— What you should do —
From the line that contains "Durante ato servidores" down to the final line of the listing below, set down every line exactly, both ends included, and drop the pictures.

— The data —
#####

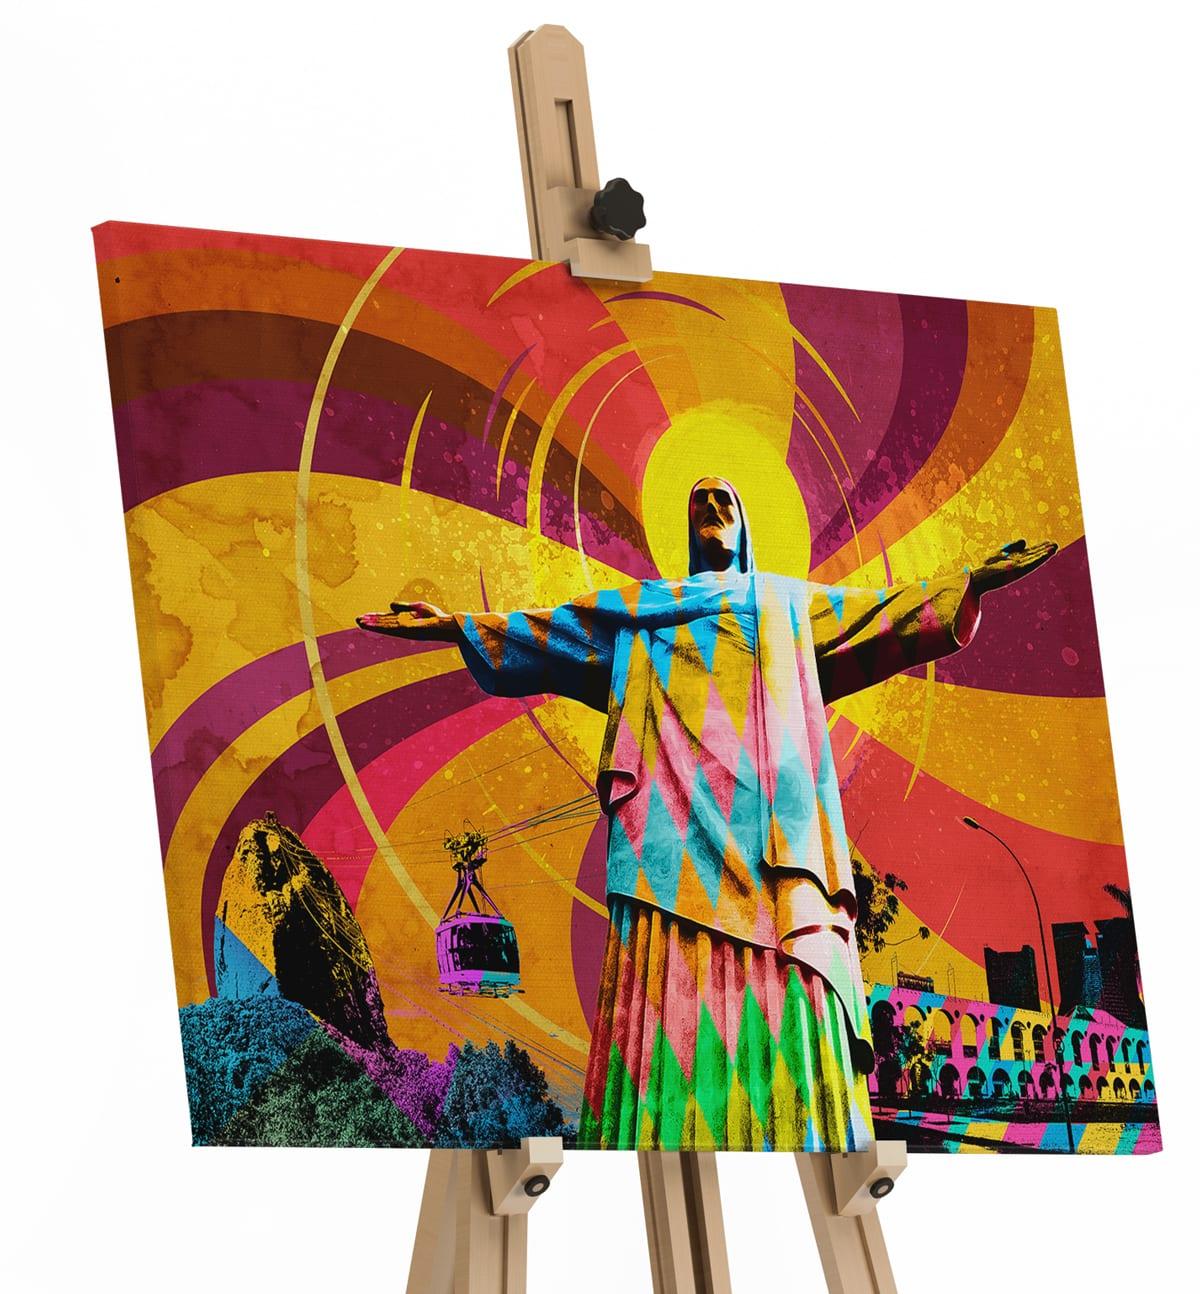 Quadro O Cristo Redentor – Rio de Janeiro em tela
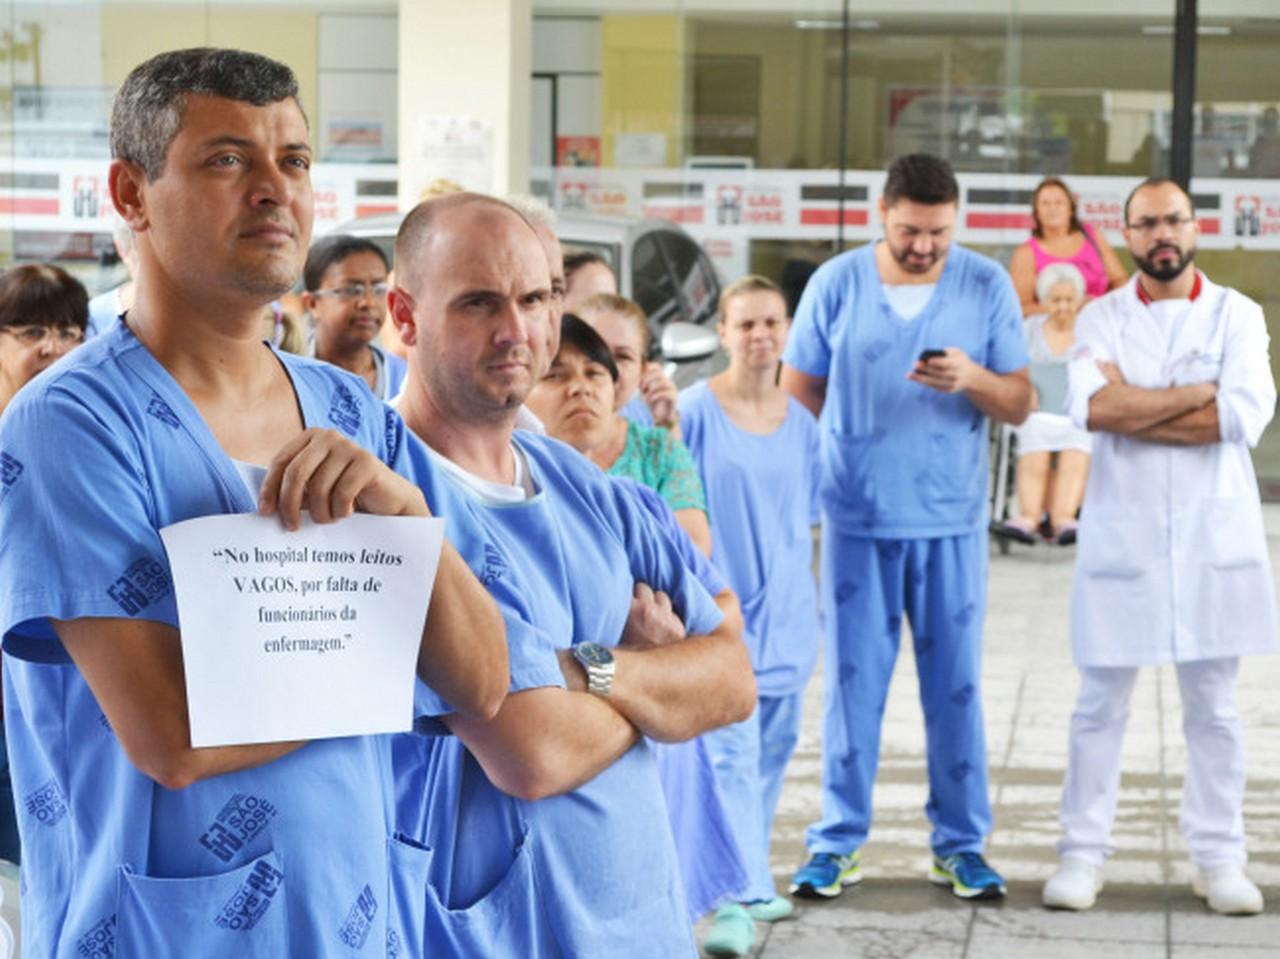 Durante ato servidores denunciaram que existem leitos vagos no hospital devido a falta de funcionários para auxiliar no atendimento I Foto: Aline Seitenfus
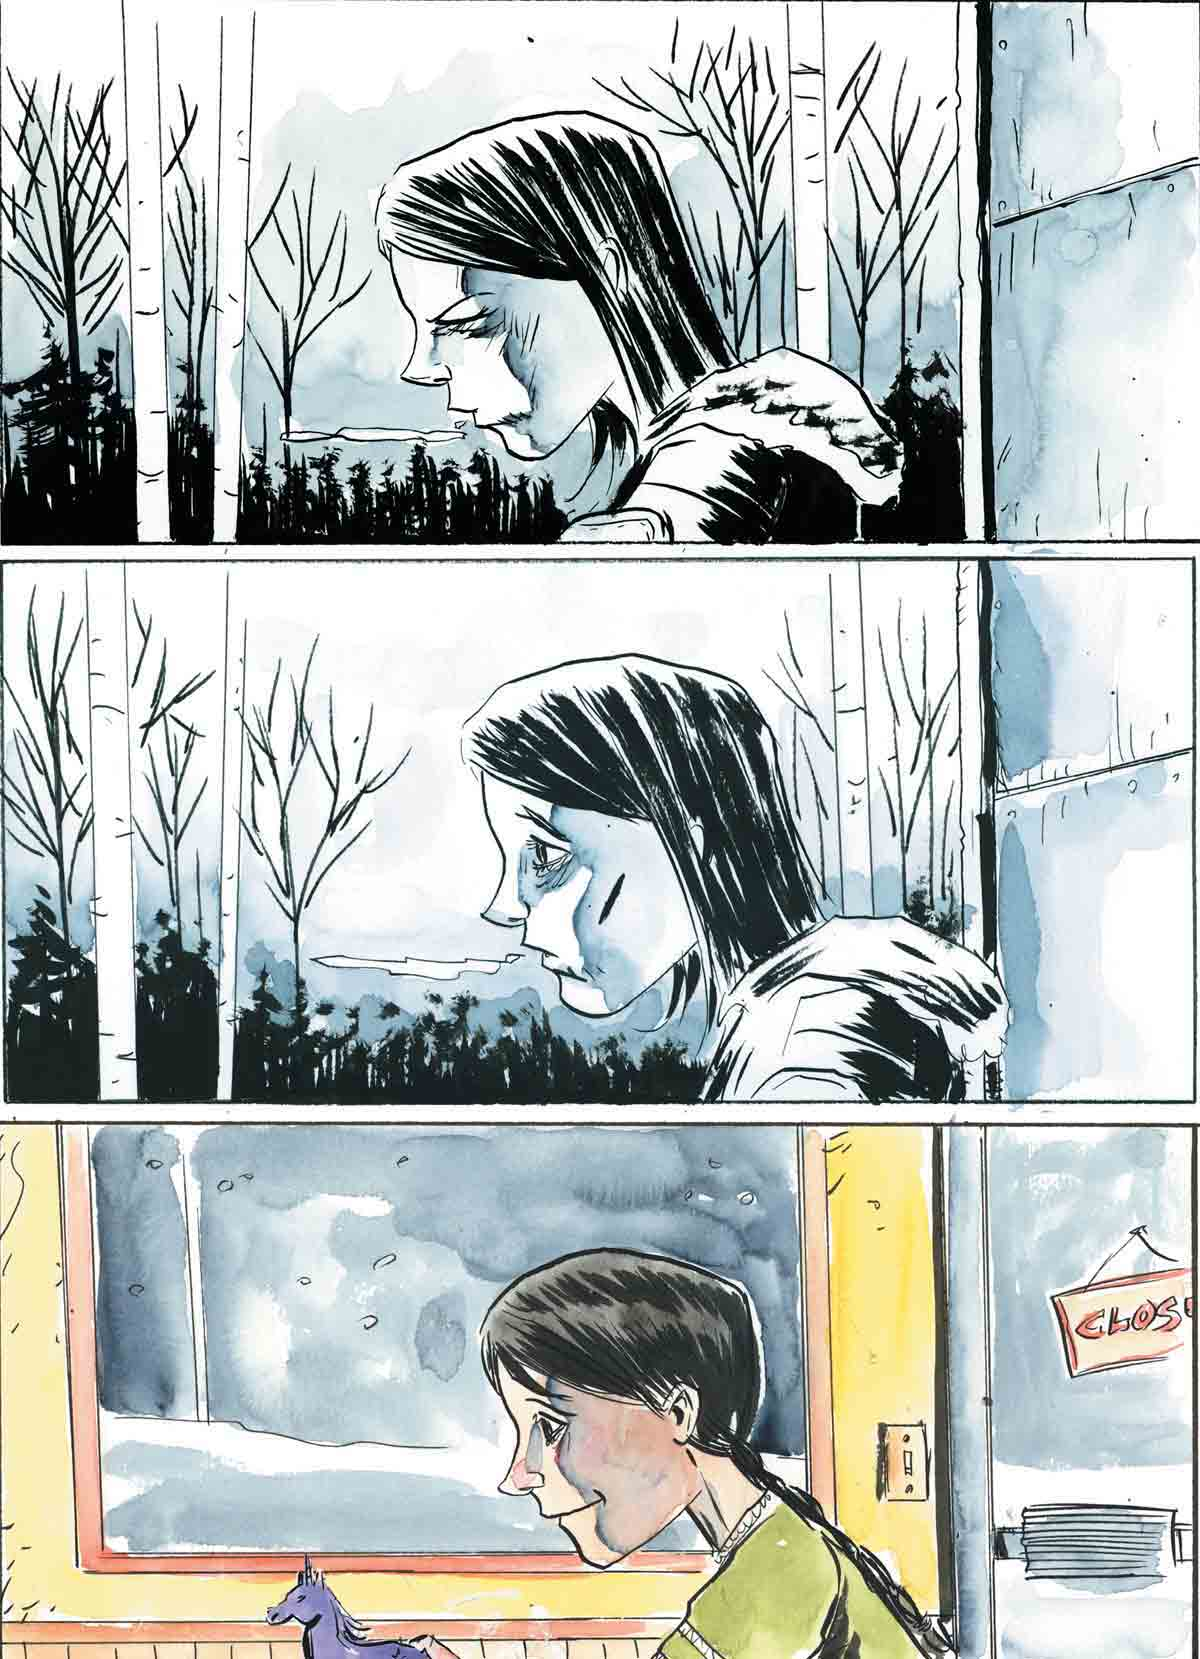 Golem-Comics-Un-tipo-duro-Jeff-lemire-06
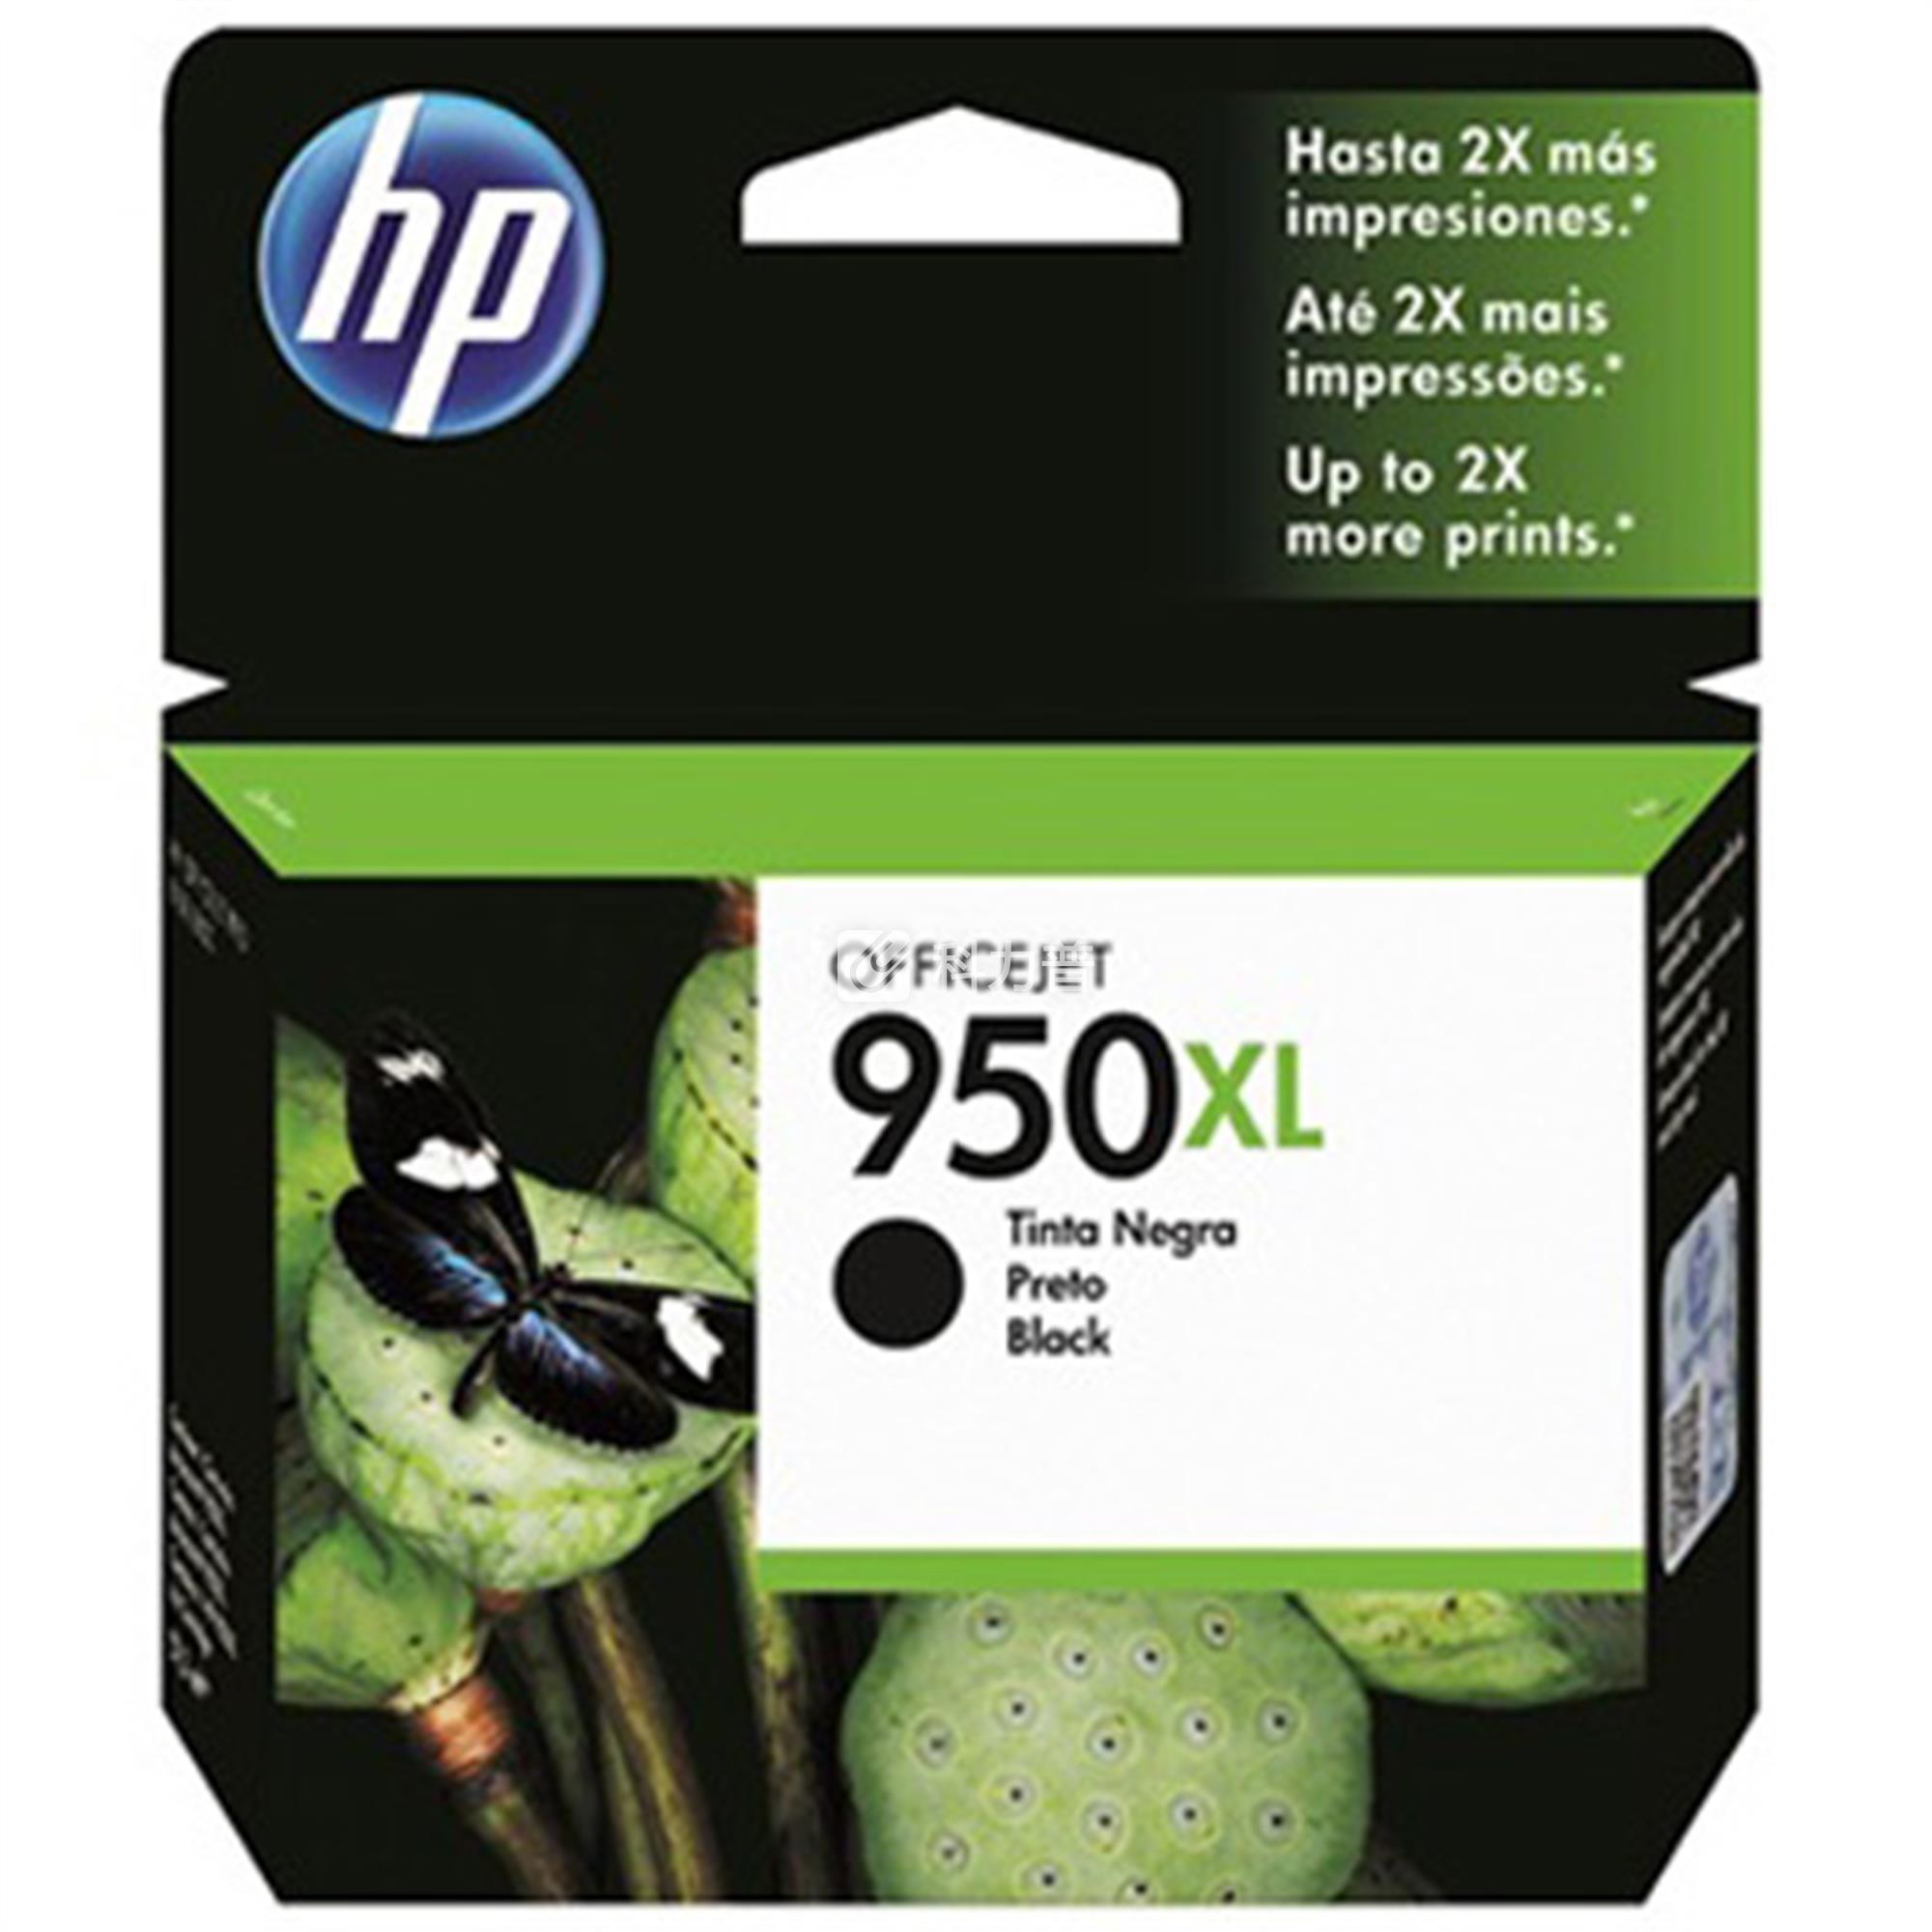 惠普 HP 大容量墨盒 CN045AA 950XL (黑色)

#####

— Exercise result —
 Durante ato servidores denunciaram que existem leitos vagos no hospital devido a falta de funcionários para auxiliar no atendimento I Foto: Aline Seitenfus
 Golem-Comics-Un-tipo-duro-Jeff-lemire-06
 惠普 HP 大容量墨盒 CN045AA 950XL (黑色)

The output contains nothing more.